Activity: Word for word, please copy the listing below, with its pictures left out.

Provided data:
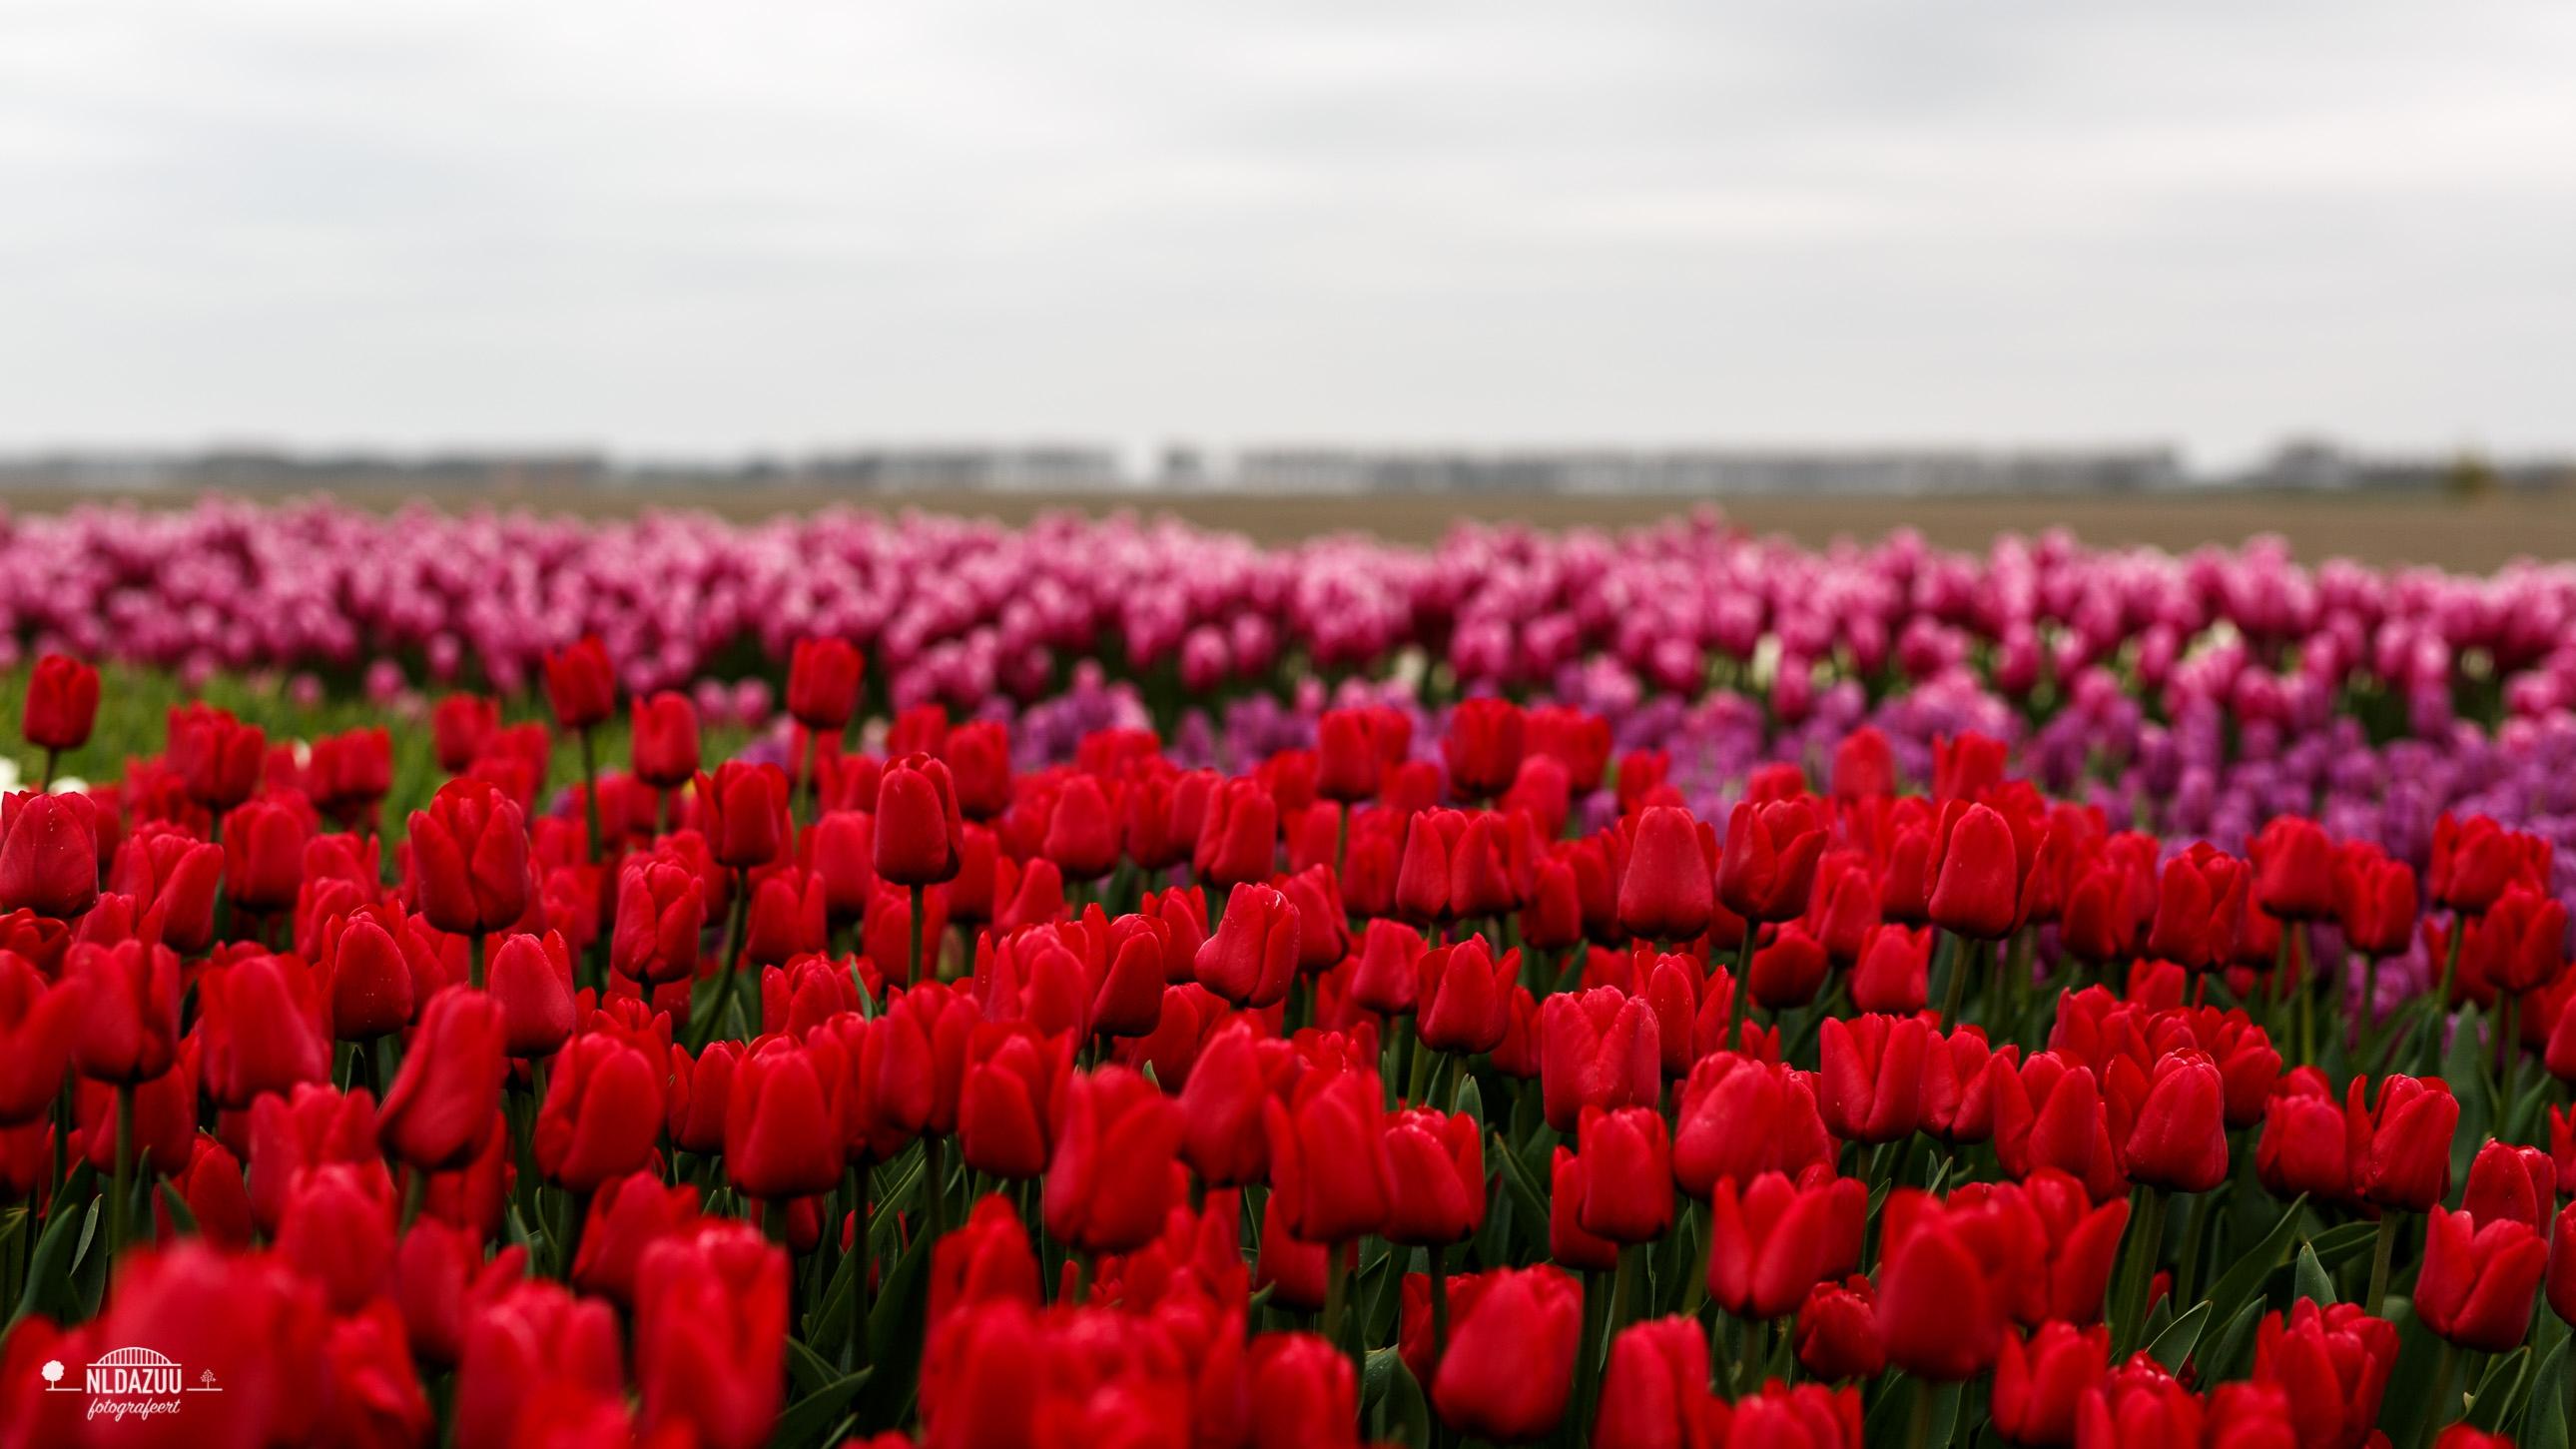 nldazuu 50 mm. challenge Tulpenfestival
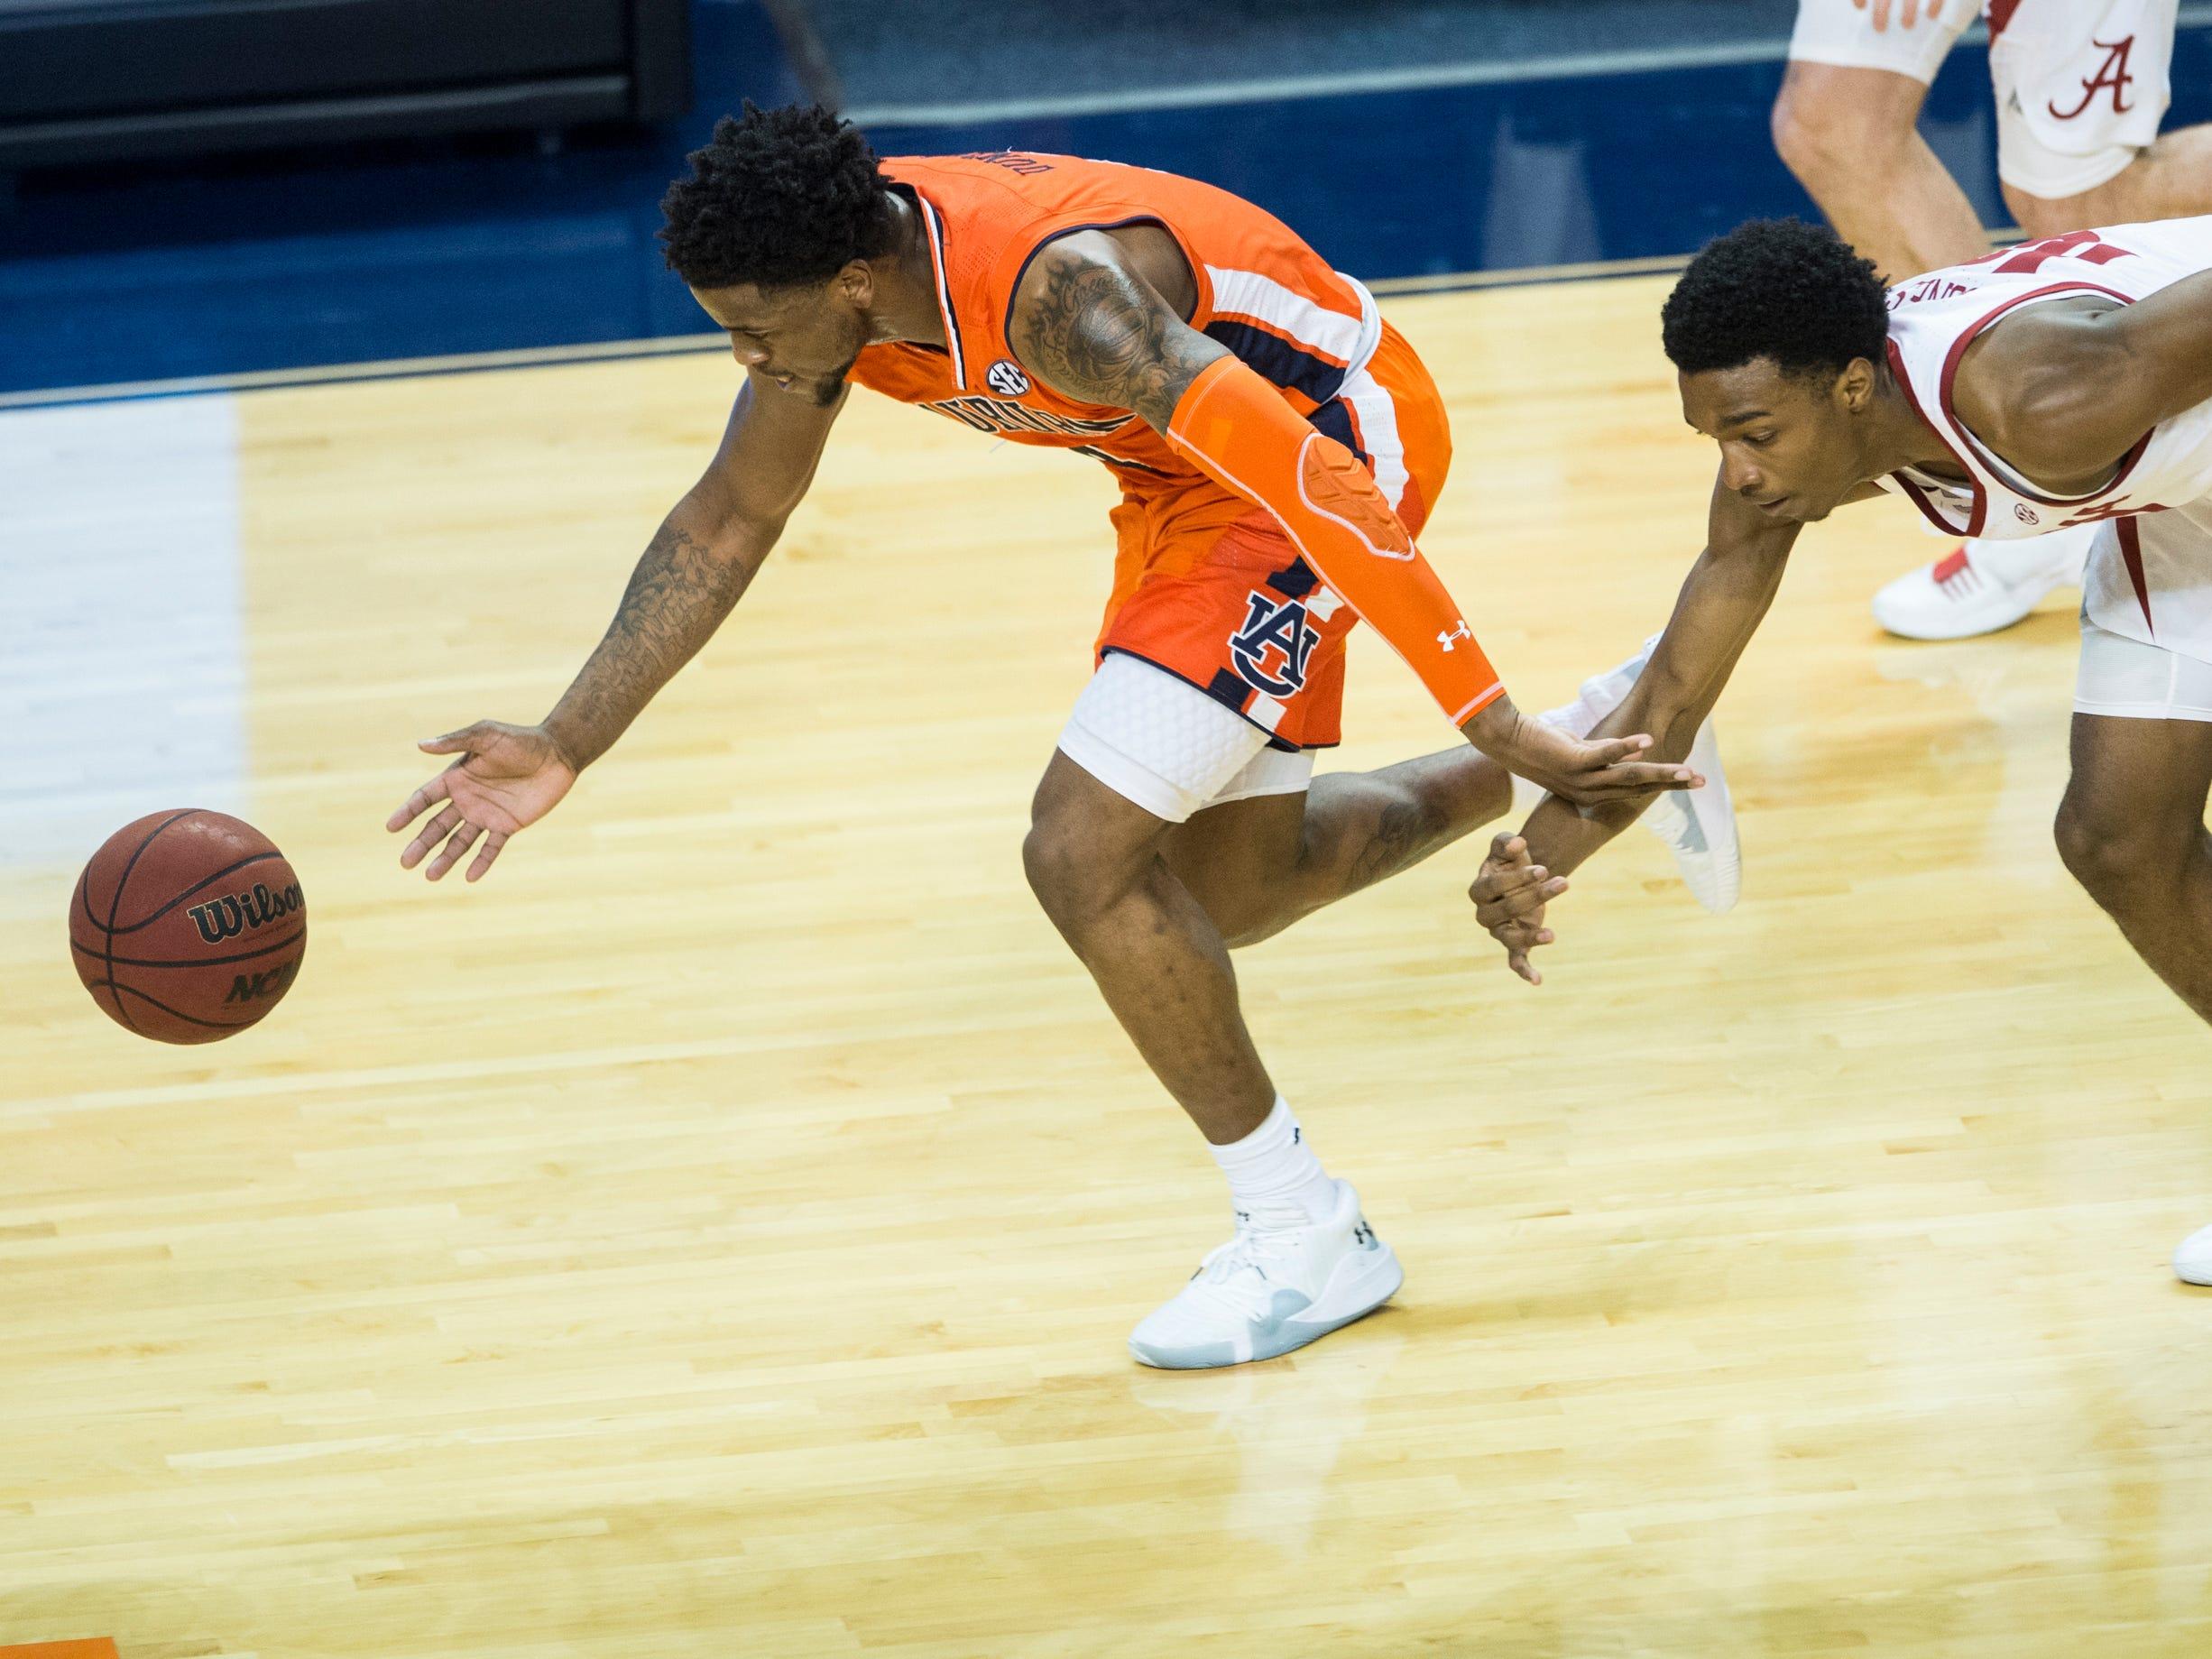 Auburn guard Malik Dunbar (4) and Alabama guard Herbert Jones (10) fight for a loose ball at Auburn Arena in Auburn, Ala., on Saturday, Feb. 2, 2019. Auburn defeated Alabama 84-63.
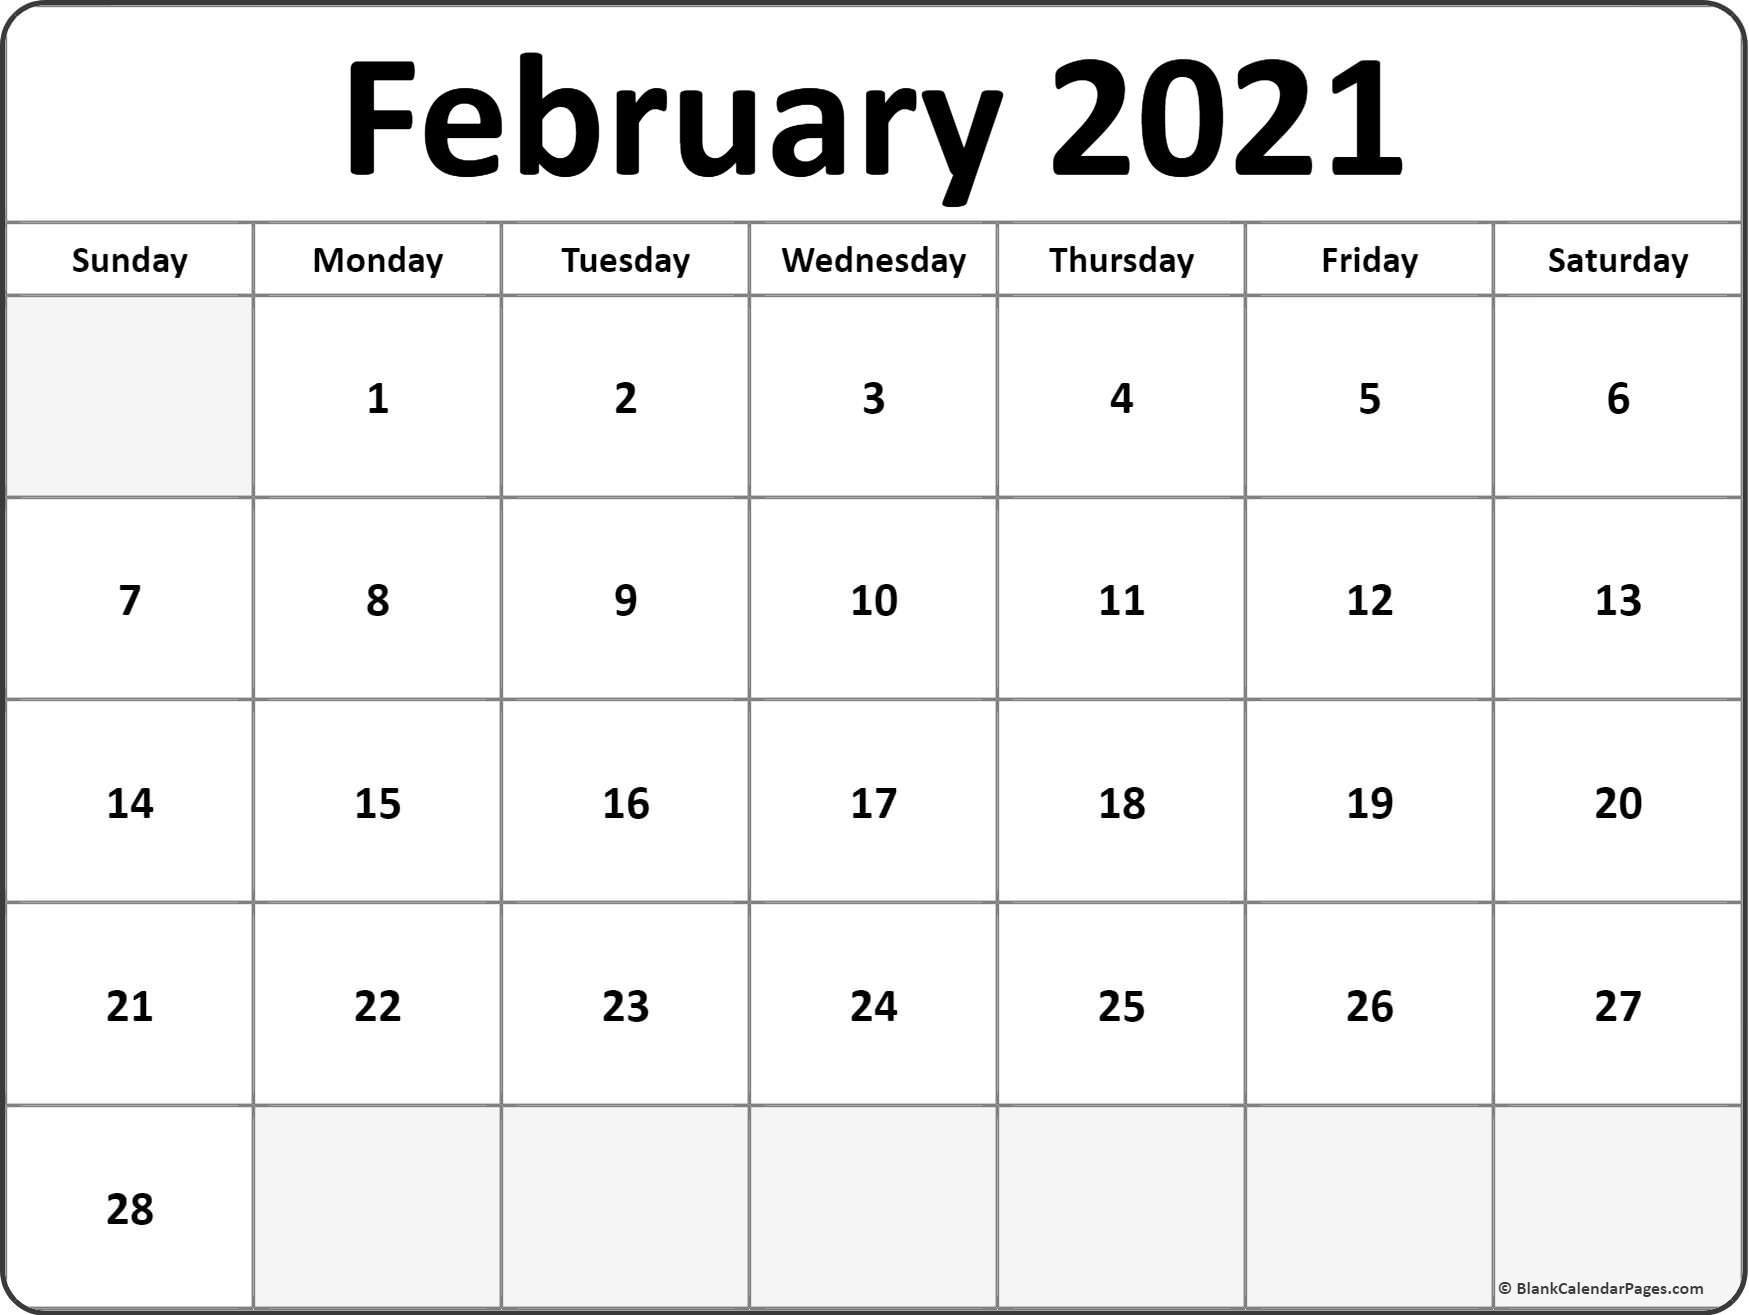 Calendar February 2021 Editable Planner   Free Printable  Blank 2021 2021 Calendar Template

Your response:
 nldazuu 50 mm. challenge Tulpenfestival
 Auburn guard Malik Dunbar (4) and Alabama guard Herbert Jones (10) fight for a loose ball at Auburn Arena in Auburn, Ala., on Saturday, Feb. 2, 2019. Auburn defeated Alabama 84-63.
 Calendar February 2021 Editable Planner   Free Printable  Blank 2021 2021 Calendar Template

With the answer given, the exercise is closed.